Abstract Background: Factors influencing excessive antimicrobial utilization in hospitalized patients remain poorly understood, particularly with the COVID-19 pandemic. Methods: In this retrospective cohort, we compared administrative data regarding antimicrobial prescriptions in hospitalized patients in South Carolina from March 2020 through September 2022. The study examined variables associated with antimicrobial use across demographics, COVID status, and length of stay, among other variables. Results: Significant relationships were seen with antimicrobial use in COVID-19 positive patients (OR 2.00, 95% Confidence Interval (CI): 1.9–2.1), young adults (OR 1.08, 95% CI: 0.99–1.12, COVID-19 positive Blacks and Hispanics (OR 1.06, 95% CI: 1.01–1.11, OR 1.05, 95% CI: 0.89–1.23), and COVID-19 positive patients with ≥2 comorbid conditions (OR 1.55, 95% CI: 1.43–1.68). Discussion: Further analysis in more than one healthcare system should explore these ecologic relationships further to understand if these are common trends to inform ongoing stewardship interventions.

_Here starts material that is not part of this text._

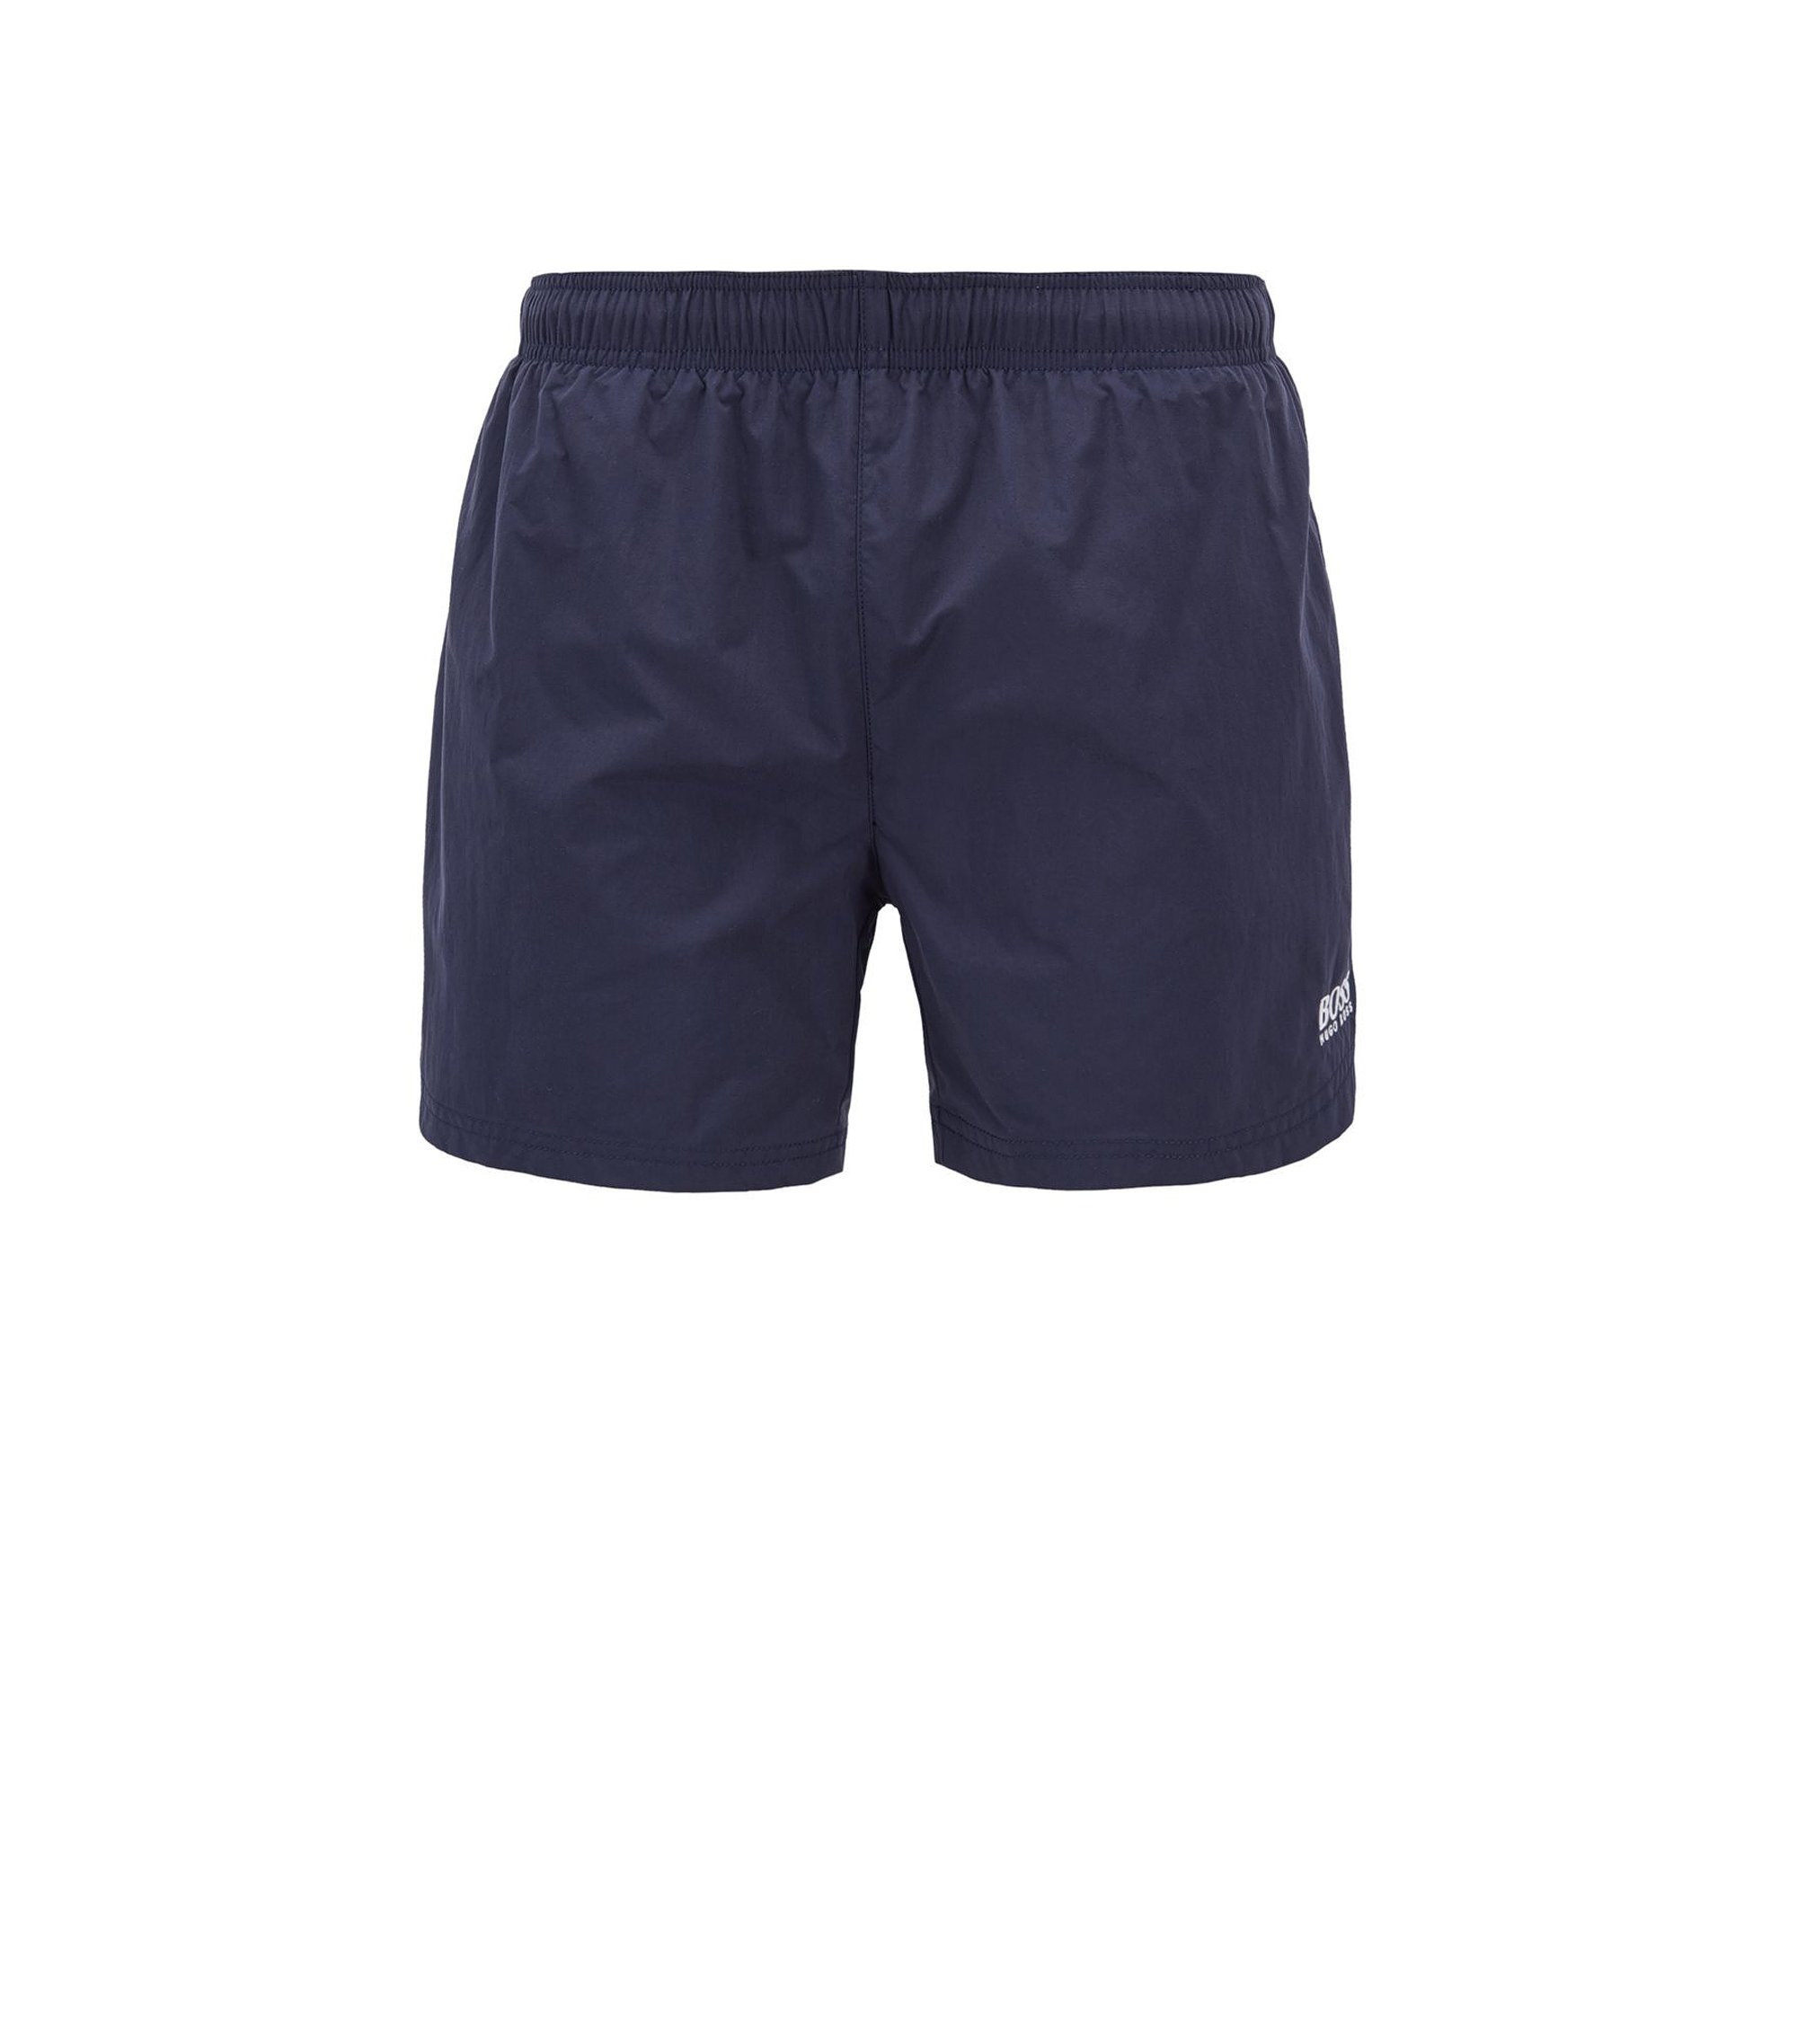 Sneldrogende zwemshort met logostiksel, Donkerblauw

2020-2022 年南卡罗来纳州医院抗菌药物使用生态分析
背景:影响住院患者过度使用抗菌药物的因素仍然知之甚少,特别是在COVID-19大流行的情况下。方法:在这一回顾性队列研究中,我们比较了2020年3月至2022年9月期间南卡罗来纳州住院患者抗菌药物处方的管理数据。该研究调查了人口统计学、COVID状态、住院时间等与抗菌药物使用相关的变量。结果:在COVID-19阳性患者(OR 2.00, 95%可信区间(CI): 1.9-2.1)、年轻人(OR 1.08, 95% CI: 0.99-1.12)、COVID-19阳性黑人和西班牙裔(OR 1.06, 95% CI: 1.01-1.11, OR 1.05, 95% CI: 0.89-1.23)和COVID-19阳性患者(OR 1.55, 95% CI: 1.43-1.68)中,抗菌药物的使用与抗菌药物的使用有显著关系。讨论:对不止一个医疗保健系统的进一步分析应该进一步探索这些生态关系,以了解这些是否为正在进行的管理干预提供信息的共同趋势。
本文章由计算机程序翻译,如有差异,请以英文原文为准。